Bill Black, CLU, ChFC, with W. H. Black & Co. in Winter Park, Fla., began paying more attention to the internal rate of return (IRR) values he was seeing on the life insurance illustrations he was giving clients a few years ago.
The numbers showed the after-tax rate an insured would have to earn on his or her premium payments to outperform the life insurance contract. Under reasonable assumptions about life expectancies and no policy loans, the insurance contracts were projected to provide very competitive returns to insureds who kept the policies until they died.
Black cites several examples. In one case of a tax-free Section 1035 policy exchange, a 76-year-old client considered transferring $127,590 of cash value to a new policy that provided a $231,830 death benefit.

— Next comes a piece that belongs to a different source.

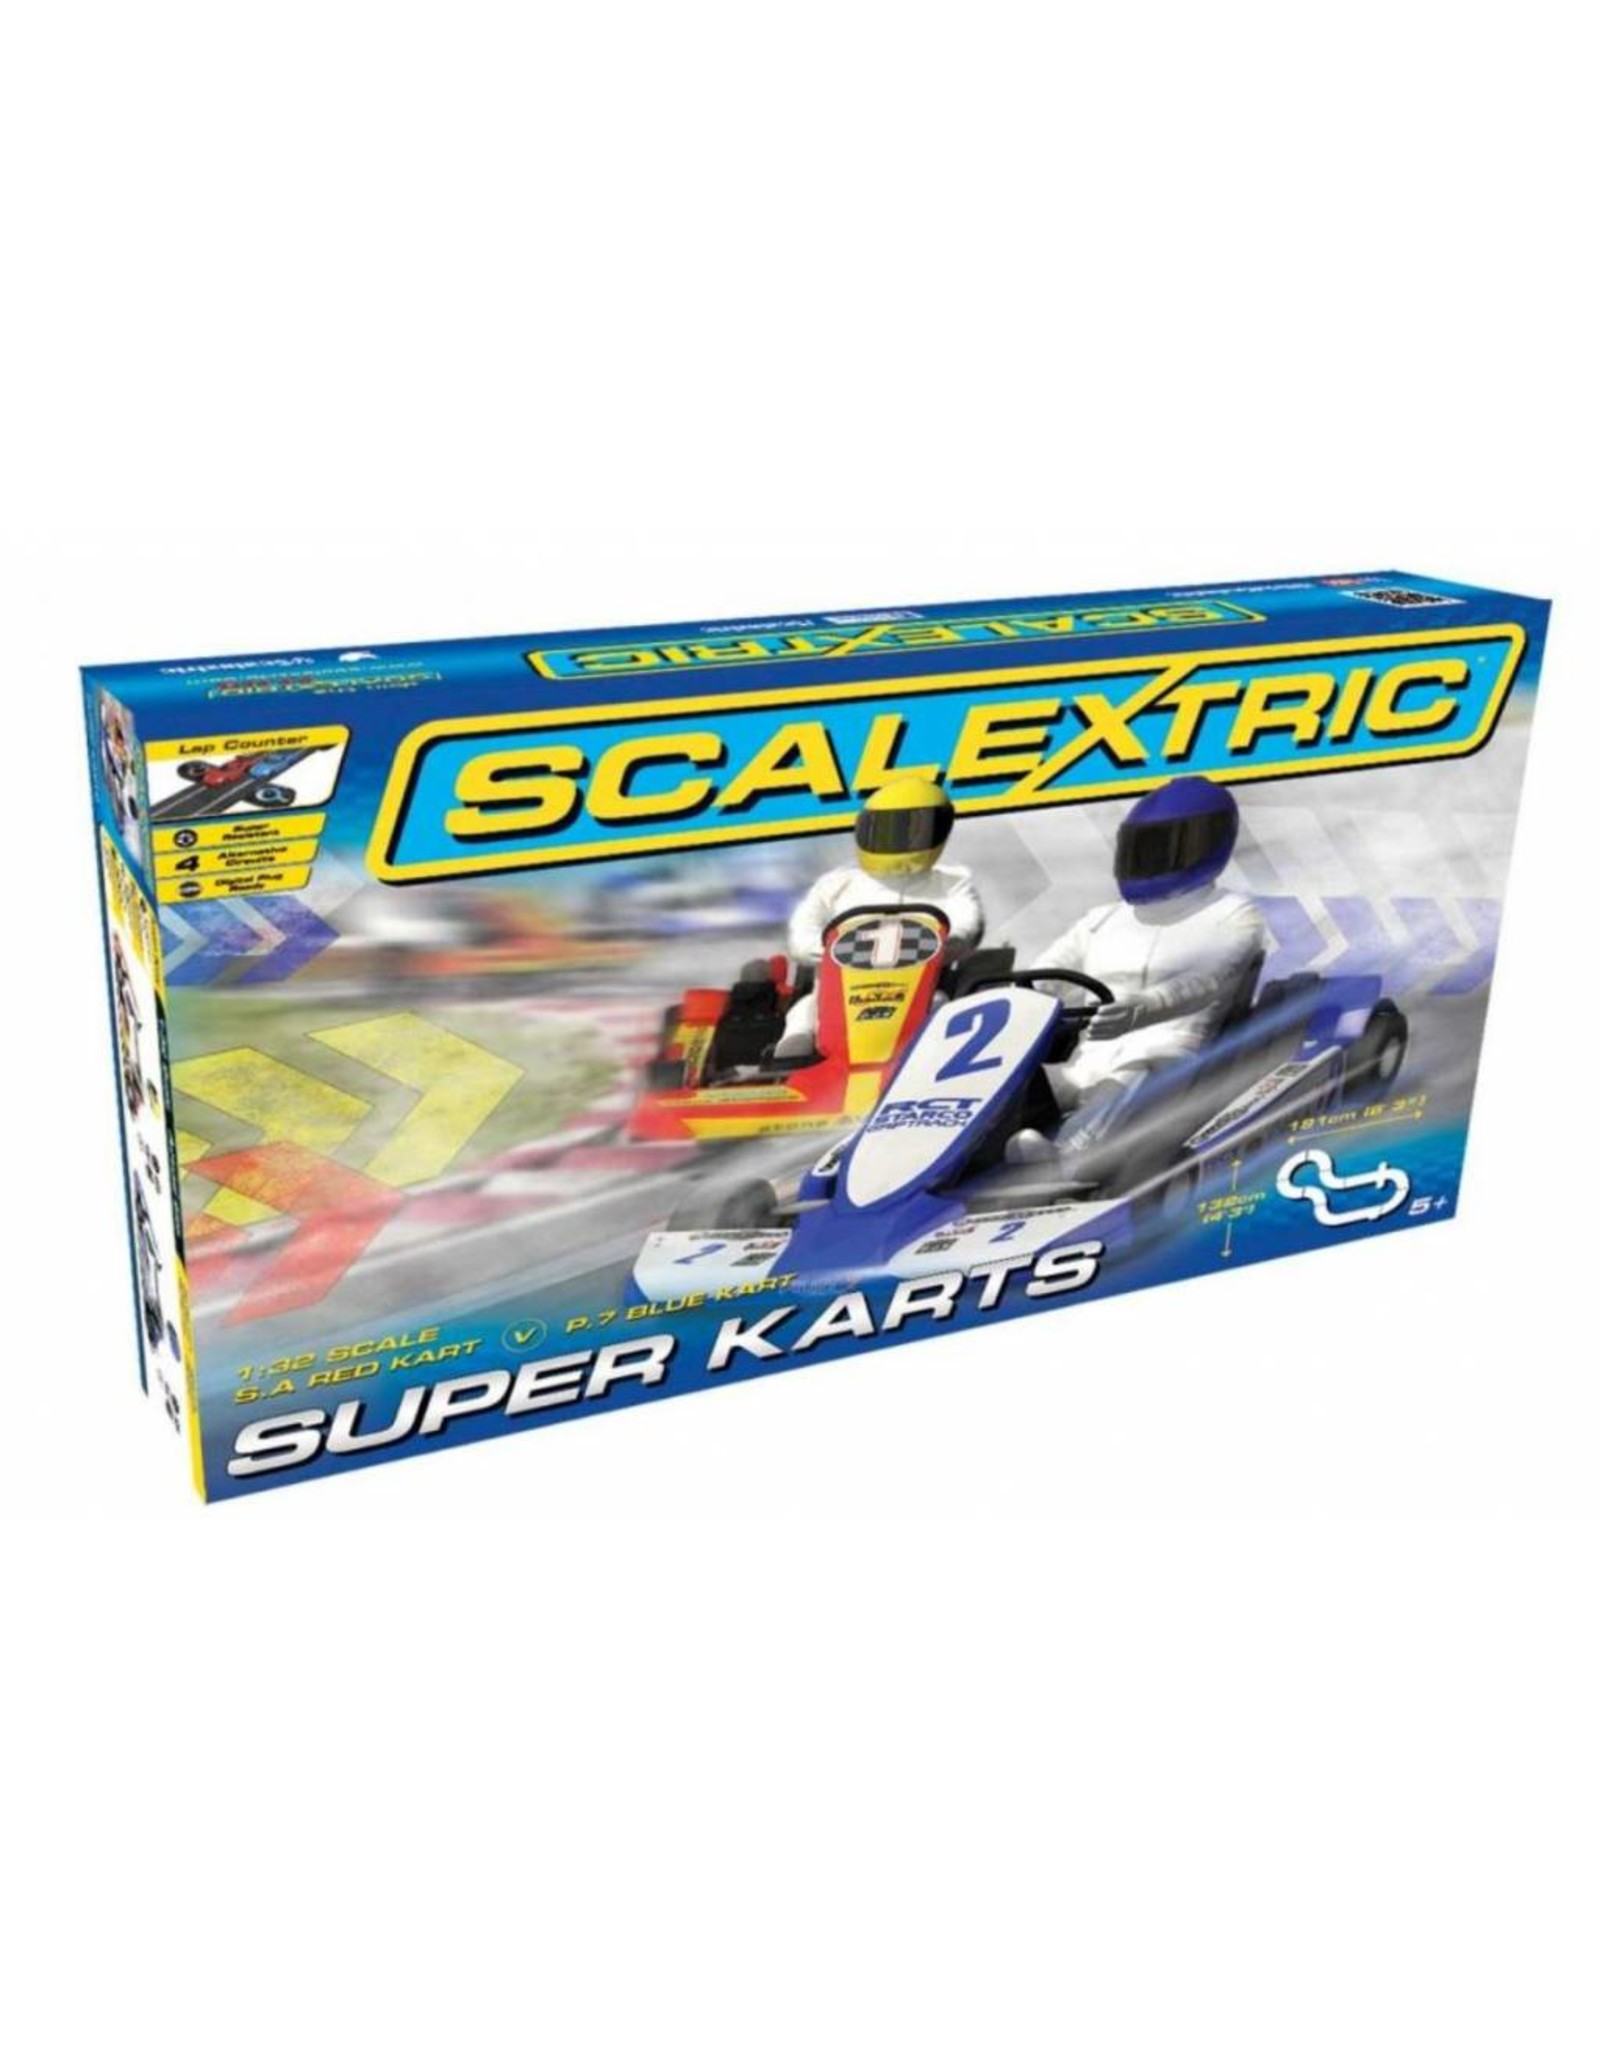 Super karts Scalextric Super Karts - 1:32-

The client initially considered taking the funds and investing them, so Black ran several illustrations that showed the IRR for different life expectancies.
"If he lives to age 85, he would have to earn 6.15% annually after taxes on that money to have it grow to an amount equal to the life insurance," says Black, in an interview with AdvisorOne. "But let's push him out five years beyond life expectancy. He would have to earn 4.06% per year after taxes to have that $127,000 grow to the $231,830 in life insurance."
The numbers also work for multi-premium cases, Black maintains. He has an 84-year-old client whose wife is 81; they are buying an $855,000 policy for an annual premium of $37,000. The numbers still favor the life insurance, says Black.
"If they live 10 years until he's 94 and she's 91, which is beyond life expectancy, they'd have to earn 14.42% per year after taxes to beat that deal. If they lived 15 years until he's 99 years of age and she's 96, they would have had to earn 4.96% per year after taxes to beat that."
The catch is that it's the client's heirs who will reap the benefits of the higher IRR—the client won't receive any lifetime cash flow or realization of the policy's values. But as yields available to conservative investors continued to fall, Black began considering life insurance as an asset class and not just a risk management product.